Abstract
Background/Aim: Labor is induced in 1 out of 5 pregnancies. This is why we aimed to compare two different protocols of orally administered misoprostol for the induction of labor (IOL), with special regard to maternal and fetal outcome, delivery mode and duration. Patients and Methods: One hundred and twenty four patients with a medical indication for IOL were divided into two groups: Group A (n=63), which initially received 50 μg misoprostol escalated to 100 and, subsequently, to 200 μg every 4 h with a daily maximum of 600μg, between 11/2007 and 01/2008; and Group B (n=61), which initially received 25 μg misoprostol followed by 100 μg every 4 h with a daily maximum of 300 μg, between 12/2009 and 04/2010. Results: The mean administration-delivery interval was significantly lower in Group A (19.0 h) compared to Group B (27.1 h, p<0.05).
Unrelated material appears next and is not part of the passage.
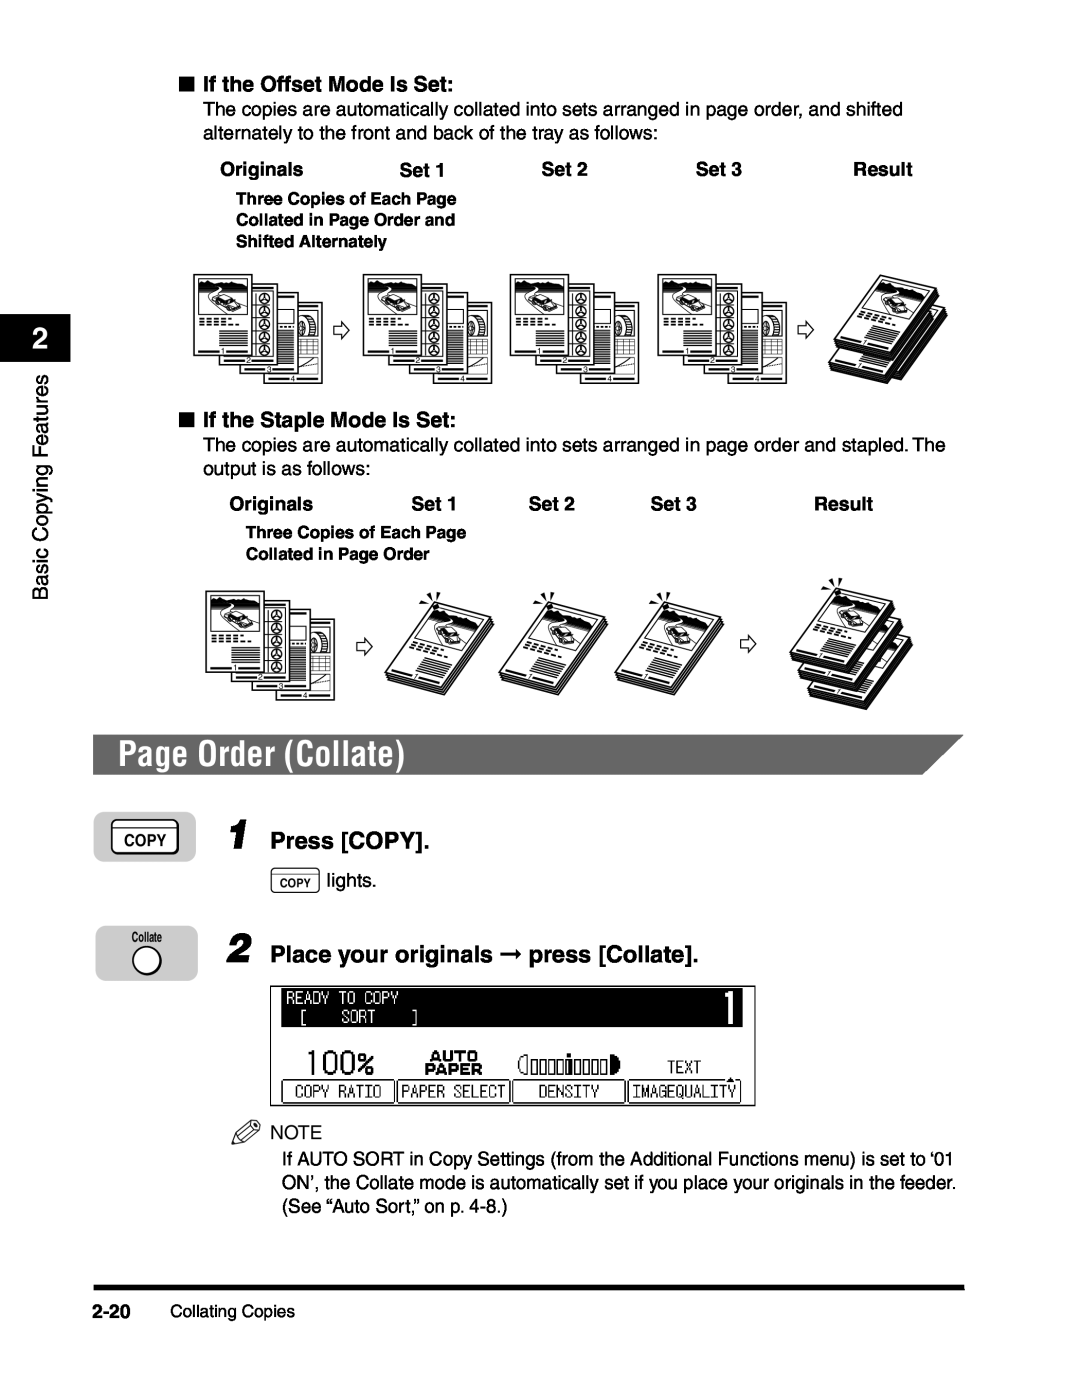 Canon 2010F Page Order Collate, If the Offset Mode Is Set, If the Staple Mode Is Set, Place your originals press Collate

Overall caesarean section rate, average birth weight, APGAR score, umbilical cord pH and meconium-stained fluid rates were similar between both groups. Conclusion: A higher dosage protocol of orally administered misoprostol significantly reduces the mean induction-delivery interval without increasing the risk for an adverse maternal or fetal outcome.
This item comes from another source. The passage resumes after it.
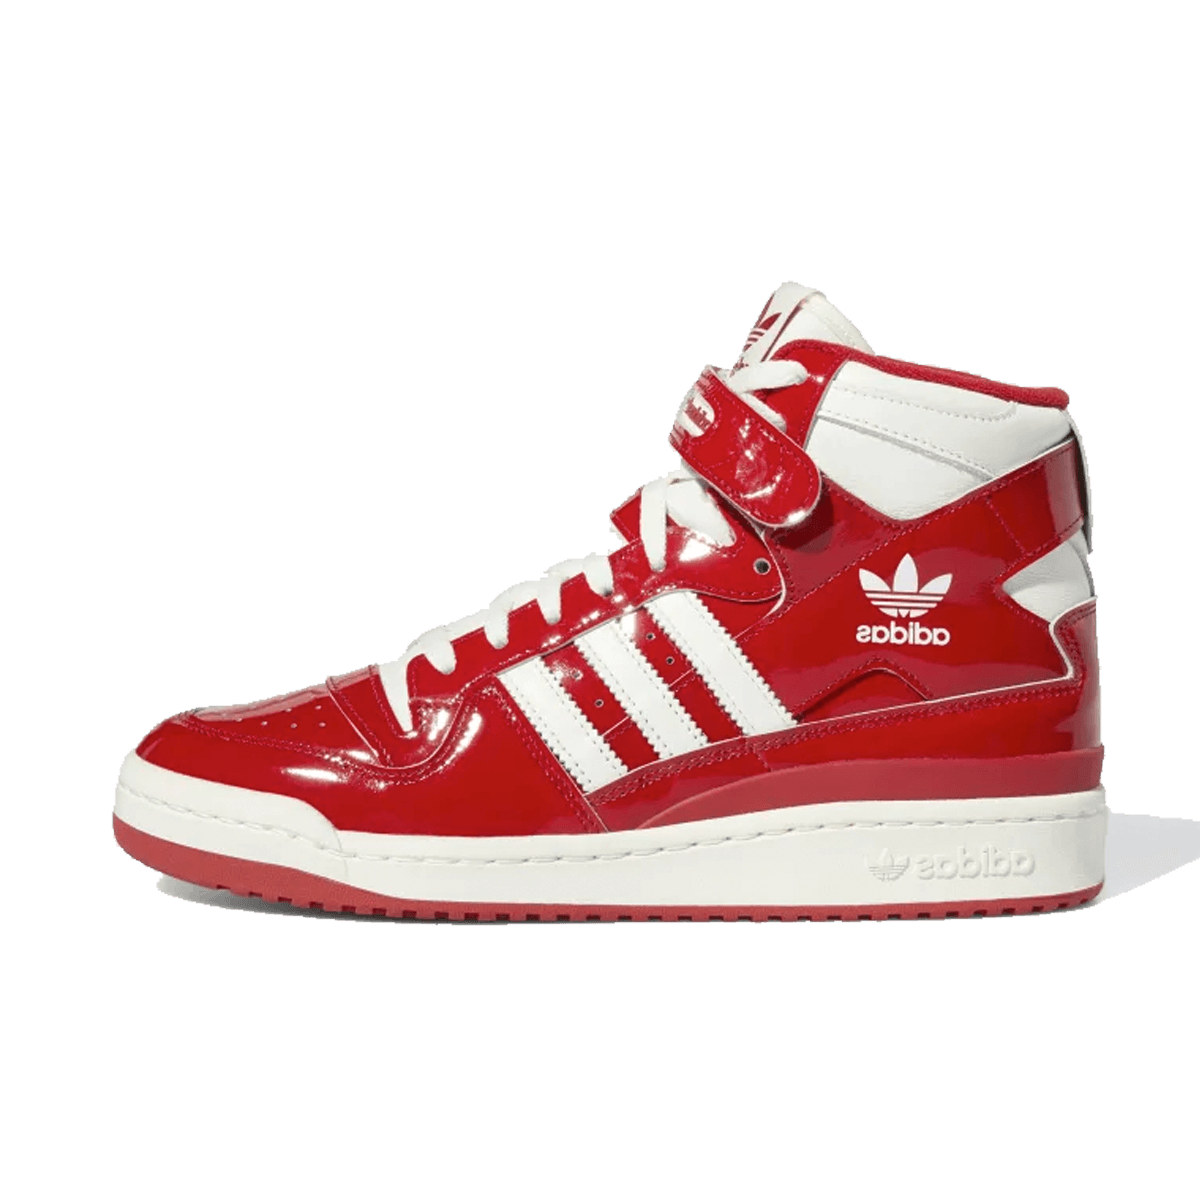 adidas Forum 84 High Patent 'Red White' GY6973

Although misoprostol is used in delivery rooms all over the world for many decades, there are still emerging discussions concerning the safety of this agent. In Germany, in the beginning of 2020, a new public debate about the usage of misoprostol for induction of labor (IOL) unsettled many patients (1). Medical professionals experienced growing uncertainty and anxiety in expectant parents when IOL becomes medically necessary.
Misprostol is a prostaglandin E1 analogue used for different indications in perinatal medicine (2). Its way of administration, dosage, risks and benefits, are still under debate. Most common indications are cervical ripening and uterine stimulation (2). As the aim of every medical intervention should be to achieve an optimal outcome for mother and newborn, the primary purpose of IOL is a safe vaginal delivery and the reduction of adverse pregnancy outcomes. It should only be performed in cases where expectant management puts mother and child at a higher risk than a premature delivery.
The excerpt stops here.